If you’re hoping to reduce night feeds, it helps to make sure daytime nursing sessions and solid meals are robust. A baby who gets plenty of calories during waking hours is less likely to wake hungry overnight.
Signs Your Baby Is Getting Enough
Since you can’t measure the volume of breastmilk during direct nursing, the best indicators are output and growth. Your baby should have at least four to six wet diapers per day. They should be gaining weight steadily, even though the rate of gain slows considerably after 6 months. A 9-month-old typically gains around half a pound per month, compared to the rapid gains of early infancy.

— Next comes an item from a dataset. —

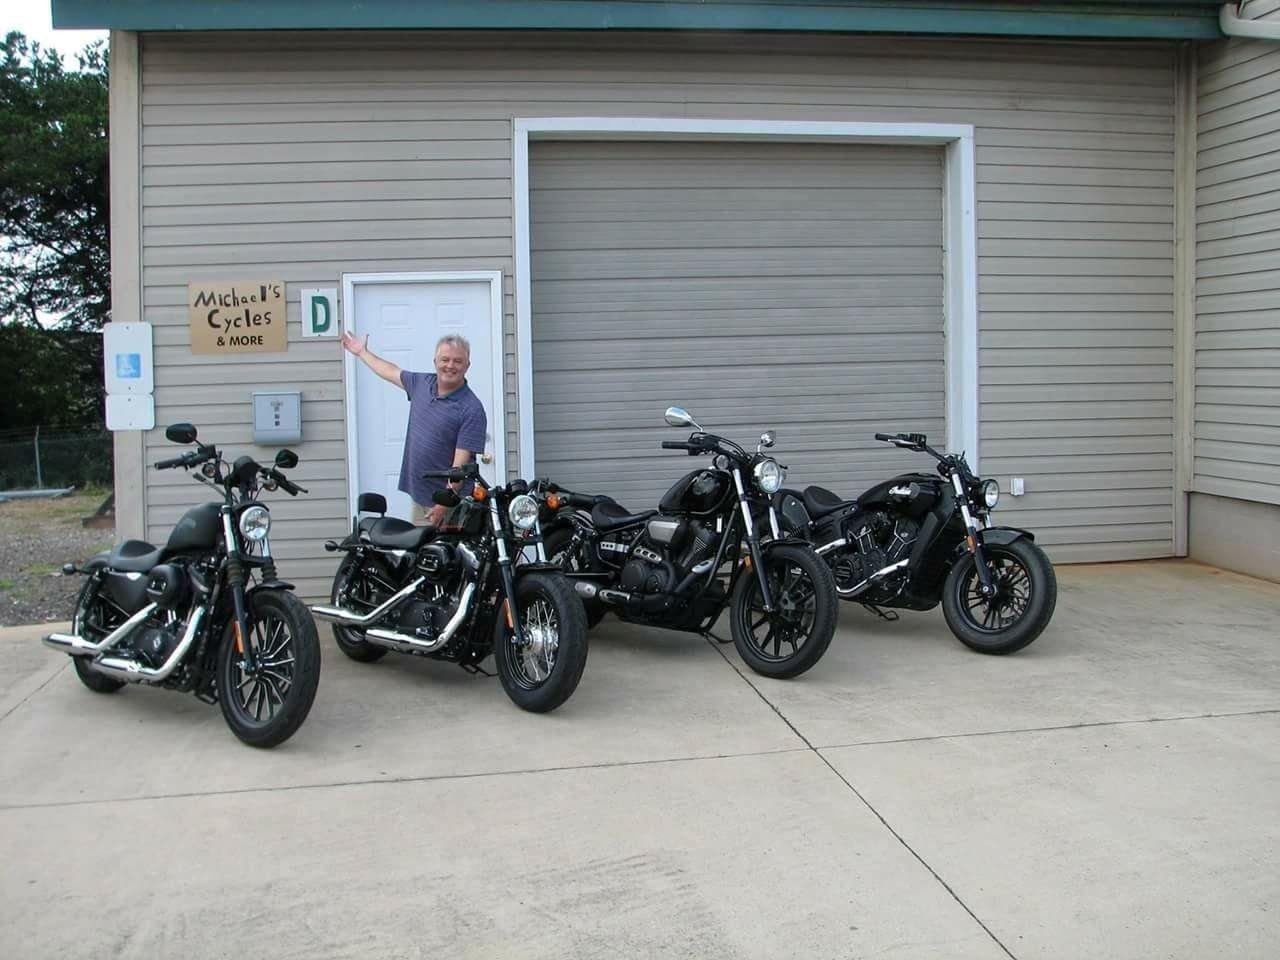 Michael's Cycles & More LLC

Your baby’s pediatrician tracks weight on a growth chart based on WHO standards, and what matters most is that your baby follows their own curve over time, not that they hit a specific number. A baby who has consistently been in the 25th percentile and stays there is thriving just as much as one in the 75th.
Other reassuring signs include active, alert behavior during awake periods, meeting developmental milestones, and showing interest in food and play. A baby who seems persistently lethargic, isn’t producing enough wet diapers, or is losing weight needs evaluation, but this is uncommon in babies who are nursing on demand and eating solids.
The AAP’s Broader Recommendation
The American Academy of Pediatrics recommends continued breastfeeding alongside nutritious solid foods after 6 months, for two years or beyond if both parent and baby want to continue. At 9 months, there’s no need to introduce formula if breastfeeding is going well. The goal is simply to keep nursing as your baby’s appetite for solid food grows, letting the balance shift naturally over the coming months.